Depois isso, prosseguiu tudo sem qualquer tropeço. Em Dezembro de 2015, Kiev declarou oficialmente que não efectuaria pagamentos do seu empréstimo da Rússia. Isto significaria um incumprimento total da dívida soberana da Ucrânia. Mas ninguém no FMI percebeu que isto havia acontecido! Mesmo as principais agências de classificação do mundo – as quais habitualmente ajustam suas avaliações todas as vezes em que um país devedor espirra – "não notaram". [NR]
E Kiev começou a comportar-se com audácia sem precedentes uma vez que sentia estar segura sob a asa do Tio Sam. Assim, começou a afirmar que nunca reembolsaria quaisquer das suas dívidas à Rússia. Não houve sequer a tentativa de fabricar a aparência de que a nação devedora estava a tentar em "boa fé" resolver seus problemas de dívida com o país seu credor. Moscovo levou a questão da dívida da Ucrânia a um tribunal internacional, mas o tribunal dá a impressão de que está a adoptar o seu próprio prazo suave para decidir sobre o assunto.
Não seria exagero dizer que houve uma revolução nas finanças globais no fim de 2015. Ao longo do tempo, ela enviará uma poderosa onda de caos através de todo o sistema financeiro global. Este sistema foi privado das suas regras e linhas orientadoras mais rudimentares que anteriormente haviam salvaguardado os mercados globais evitando a entropia financeira.

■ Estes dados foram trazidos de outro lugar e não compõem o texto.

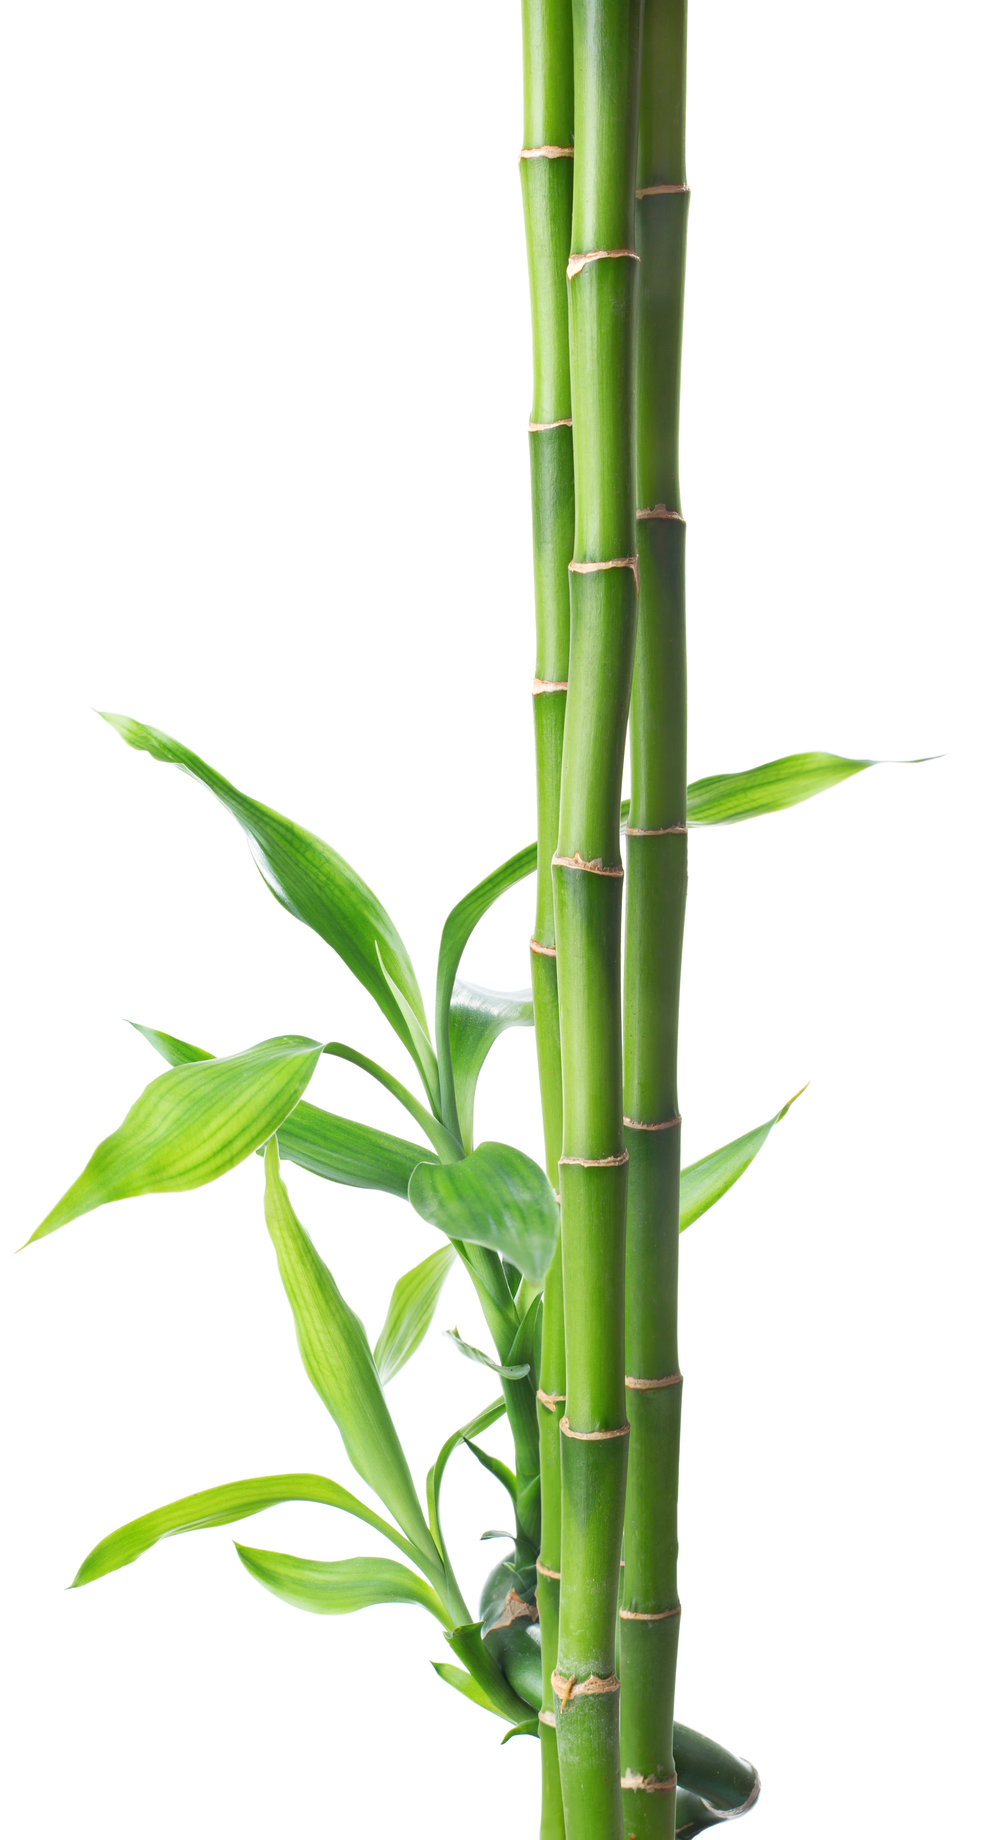 bamboo_cropped.jpg

No ano passado Christine Lagarde, a directora-gerente do Fundo, não teve vida fácil. Ela está bem consciente de que o niilismo actualmente a prosperar no FMI poderia acabar muito mal para aquela instituição. Ela resistiu à pressão do seu maior "accionista" tão bem quanto pode, mas o Tio Sam recorreu a um método consagrado de pressionar responsáveis públicos.
No ano passado um tribunal francês inesperadamente começou a investigar a sra. Lagarde por possíveis abusos de poder enquanto actuava como ministra das Finanças francesas. Contudo a poeira assentou rapidamente sobre este episódio legal, o qual avisava a directora-gerente do FMI a que concordasse com os "argumentos" apresentados pelo maior "accionista".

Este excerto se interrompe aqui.